Simple example of this theory is a man slipping due to walking on a banana skin lying on the road. Here main contributing factors are as under:

  • Man – A man walking on the road.
  • Machine or object vehicle – Slippery banana skin.
  • Media – Hard road.
  • All above causes are interacting with each other to lead to the accident. Absence of any one cause can avoid the accident. This indicates that slippery banana skin should be removed from the road or man should be more attentive for not walking on it or the road should not be hard to cause slipping.
  • Let us take another example of a worker falling from a ladder. As per the domino theory an investigation is as under:
The unsafe actClimbing the defective ladder
The unsafe conditionThe defective ladder
The remedial measureRemove or repair the defective ladder and train that worker
  • As per the multiple causation theory some of the contributing factors surrounding this accident can be found out by asking:
  1. Why was the defect in ladder not found in normal (past) inspections?
  2. Why did the supervisor allow its use? Why did he not get it repaired urgently?
  3. Didn’t the injured worker know he shouldn’t use it?
  4. Was he properly trained or not?
  5. Was he reminded or cautioned?
  6. Did the supervisor examine the job first?
  • The answers to these and similar questions would suggest the following measures:
  1. An improved inspection procedure.
  2. Repairing the ladder (machine, tool, job etc.) immediately i.e. not waiting for an accident.
  3. Improved training and supervision.
  4. Better fixation of responsibilities.
  5. Pre job planning and checking by supervisors.
  • Thus application of the multiple causation theory leads us to deep causation analysis and improved management systems are suggested to eradicate the problem from its origin. The range and depths of the multiple causation factors provide much detail of long-run safety measures.

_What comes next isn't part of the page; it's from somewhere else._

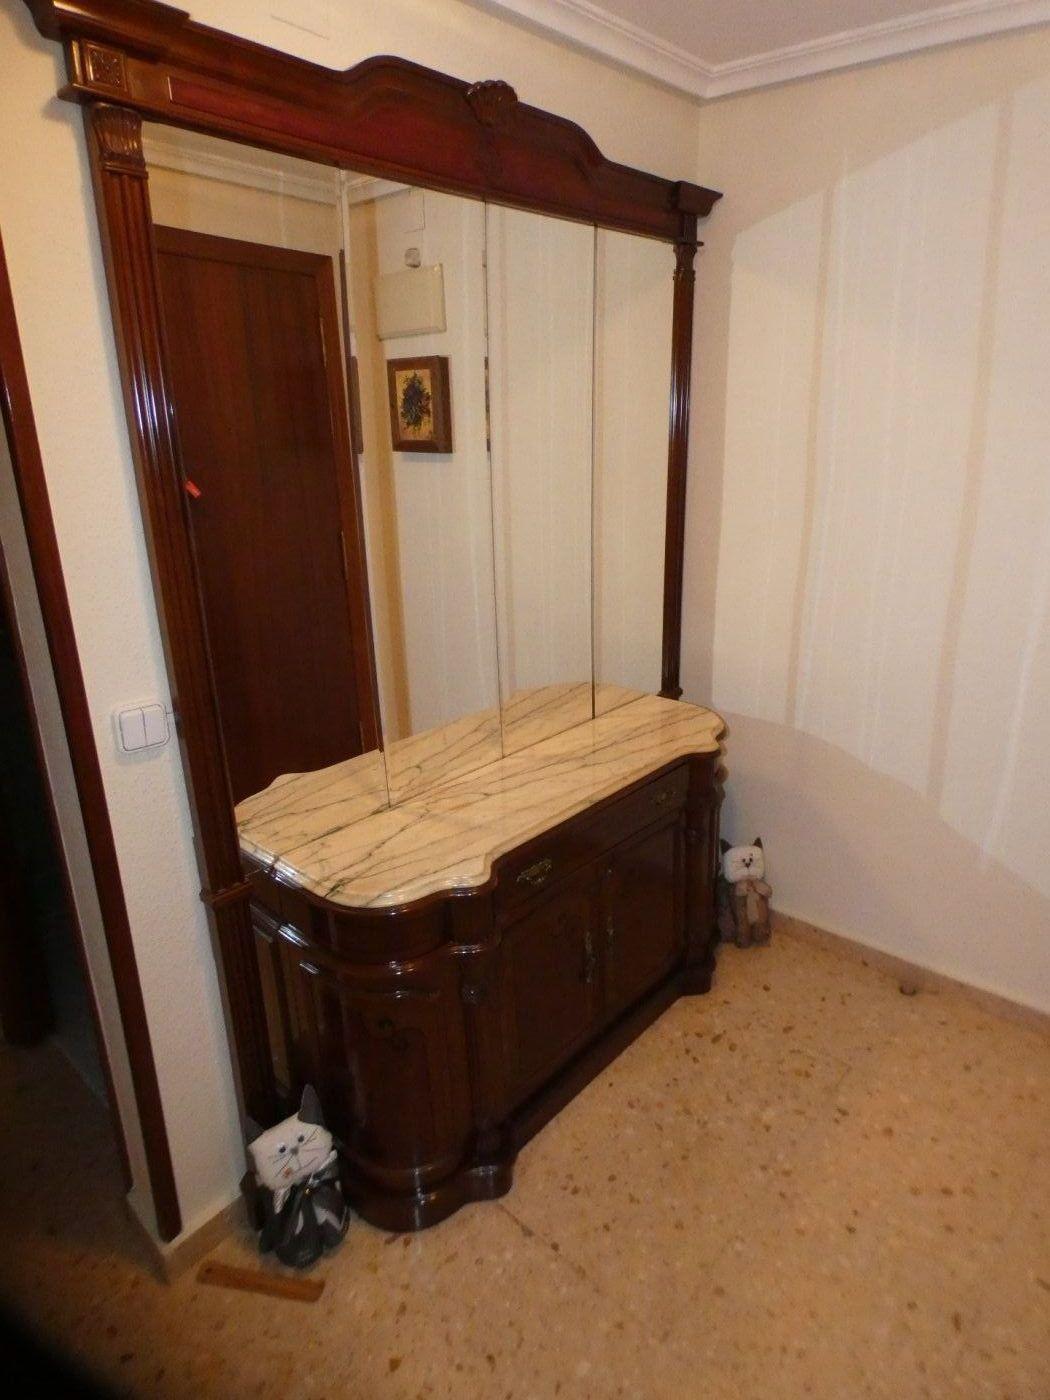 Piso 4 dormitorios tombola - imagenInmueble12

4. Energy (Release) Theory Of Accident Causation:

  1. Change the rate of release or distribution of released energy e.g. reduce the road slope, use inhibitor to reduce rate of reaction, sprinkler to reduce rate of burning, scrubber to scrub toxic gas, condenser to liquefy organic vapour.
  2. Divert (separate) the energy released in time or space. e.g. separate paths for vehicles and pedestrian traffic, keep electric wiring or pesticide out of reach, discharge gases at height.
  3. Provide barrier between the energy released and a structure or a person likely to be affected. e.g. guards on machines, radiation shield, filter, safety goggles, earplugs, insulation on hot surface, blast wall against explosion energy.
  4. Make the surfaces of structure safe. e.g. rounded corners, blunt objects, big handles of tools and no sharp edges.
  5. Strengthen the structure or person susceptible to damage. e.g. fire resistant wall, training to workers and vaccination for disease.
  6. Early detection of damage and actuate counter effect. e.g. fire detectors with sprinkles, high level alarm and tripping of feed pump, temperature alarm and starting of cooling system.
  7. Speedy measures to restore normal condition. e.g. rehabilitation of injured worker, repairing of a damaged machine or vehicle.